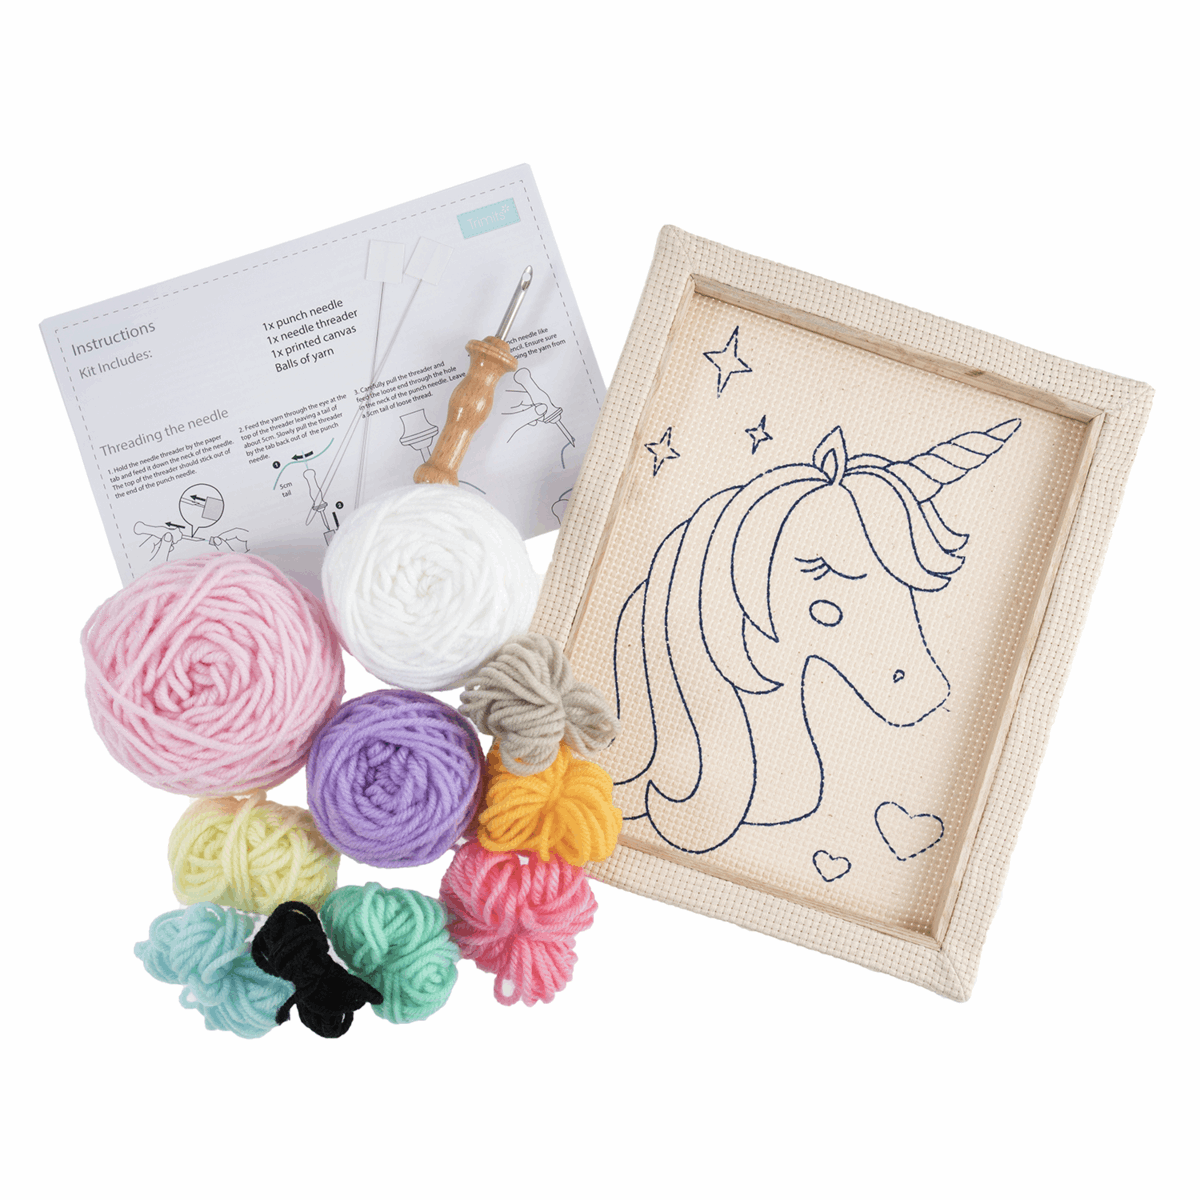 Unicorn Punch Needle Kit By Trimits - Wish I Were Stitching
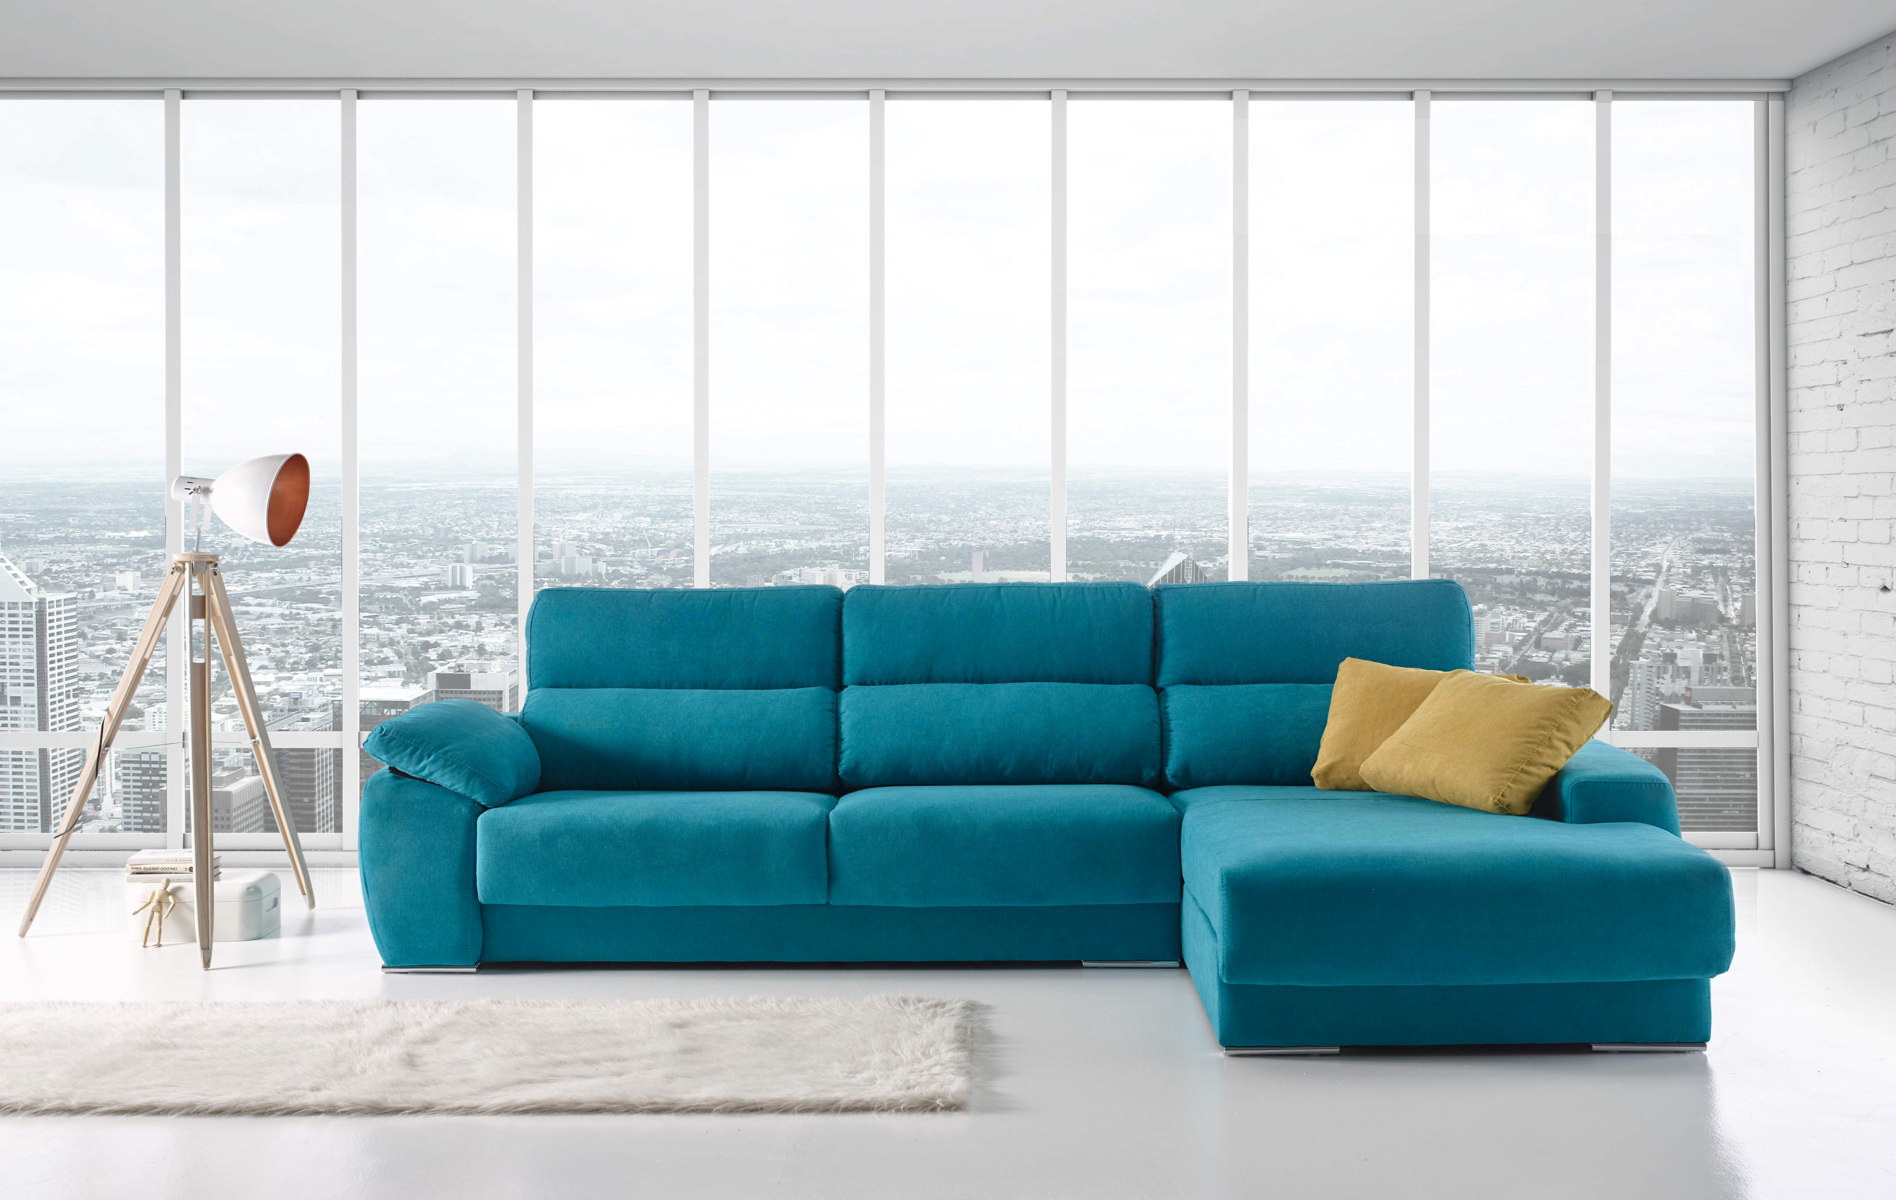 FAN sofá modular asientos extraibles by Vizcaíno Tapizados en muebles antoñán® León (4)
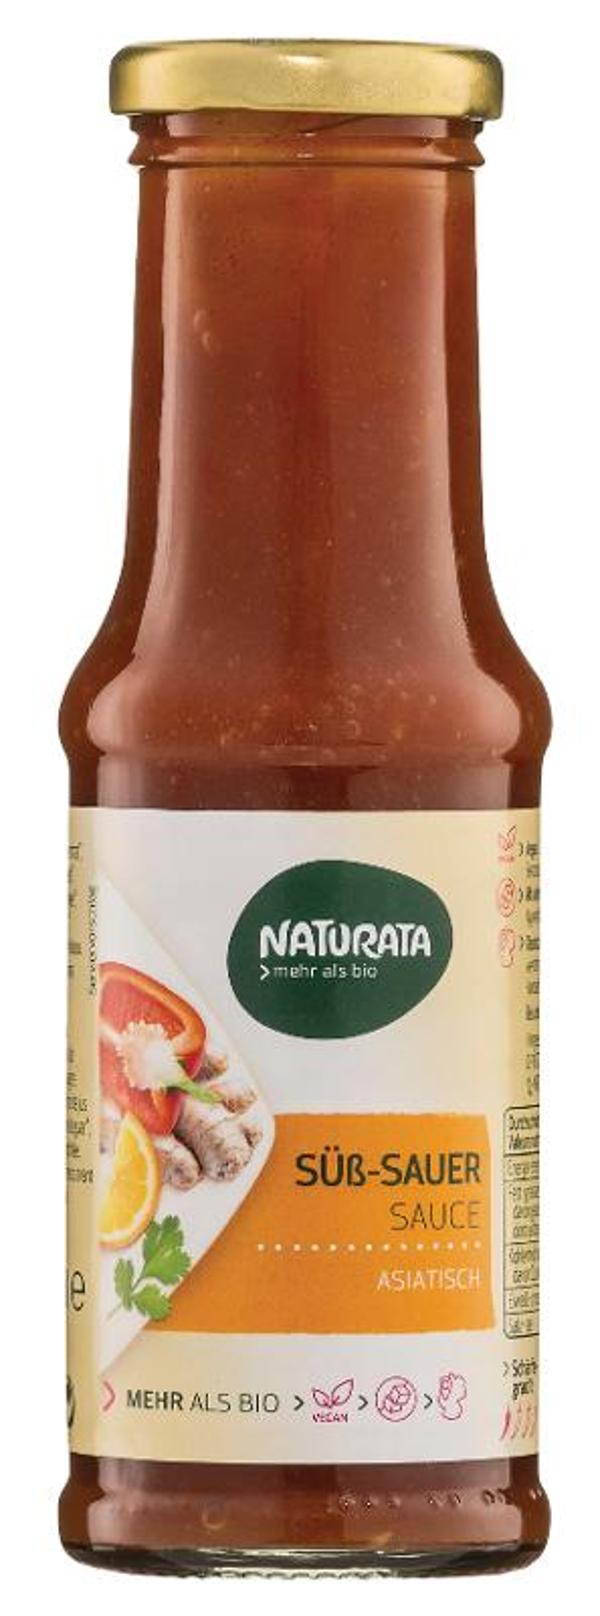 Produktfoto zu Naturata Süß Sauer Sauce - 210ml
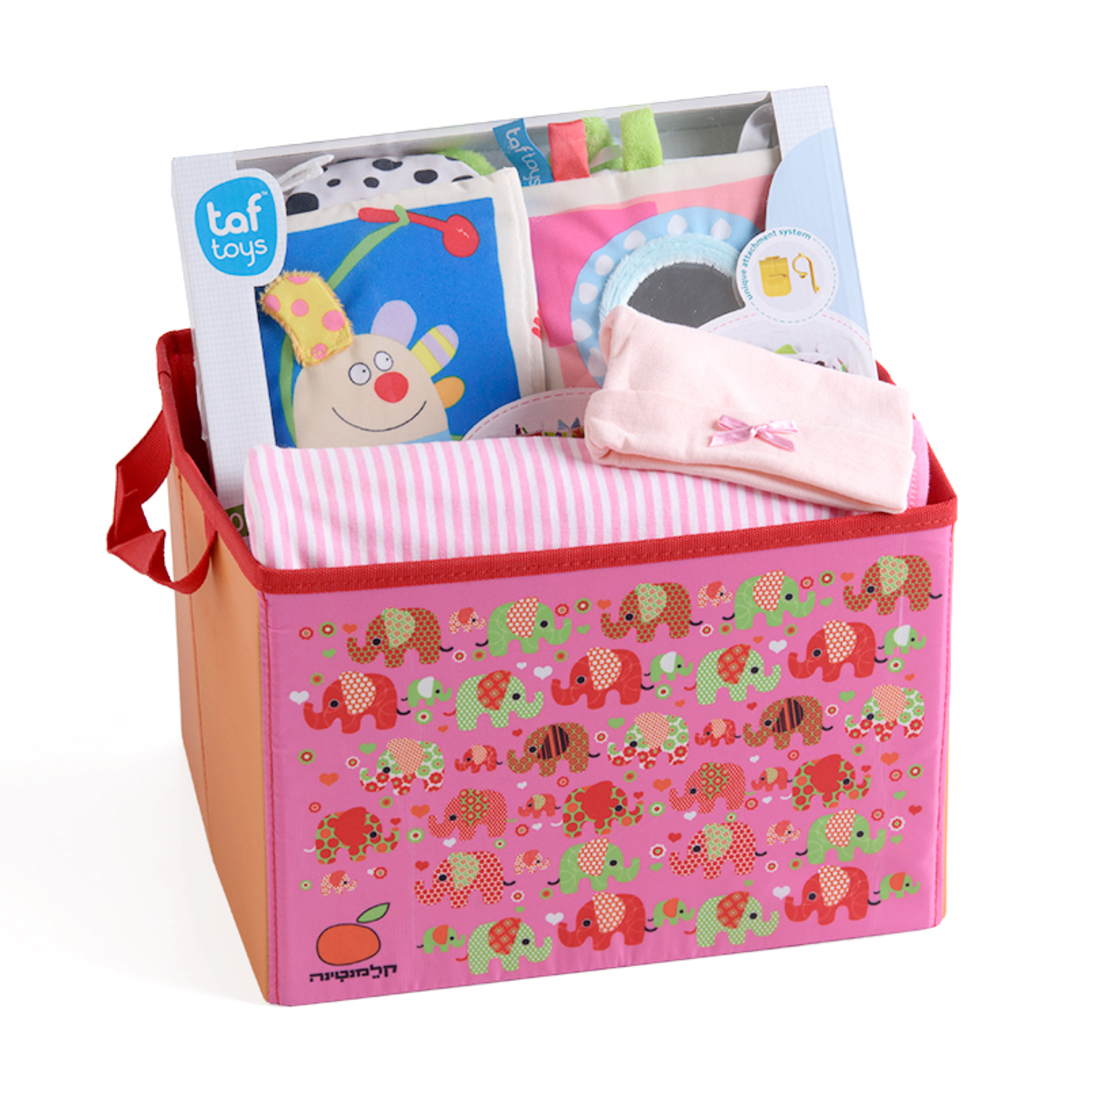 13# - התרגשות בלב לבת : חבילת לידה מרגשת ובה שמיכה, ספר בד וכובע בקופסת צעצועים

==============================

Instructions for the task
The material must be restated verbatim. Its pictures must be omitted.

Answer for this exercise
 Unicorn Punch Needle Kit By Trimits - Wish I Were Stitching
 FAN sofá modular asientos extraibles by Vizcaíno Tapizados en muebles antoñán® León (4)
 Produktfoto zu Naturata Süß Sauer Sauce - 210ml
 13# - התרגשות בלב לבת : חבילת לידה מרגשת ובה שמיכה, ספר בד וכובע בקופסת צעצועים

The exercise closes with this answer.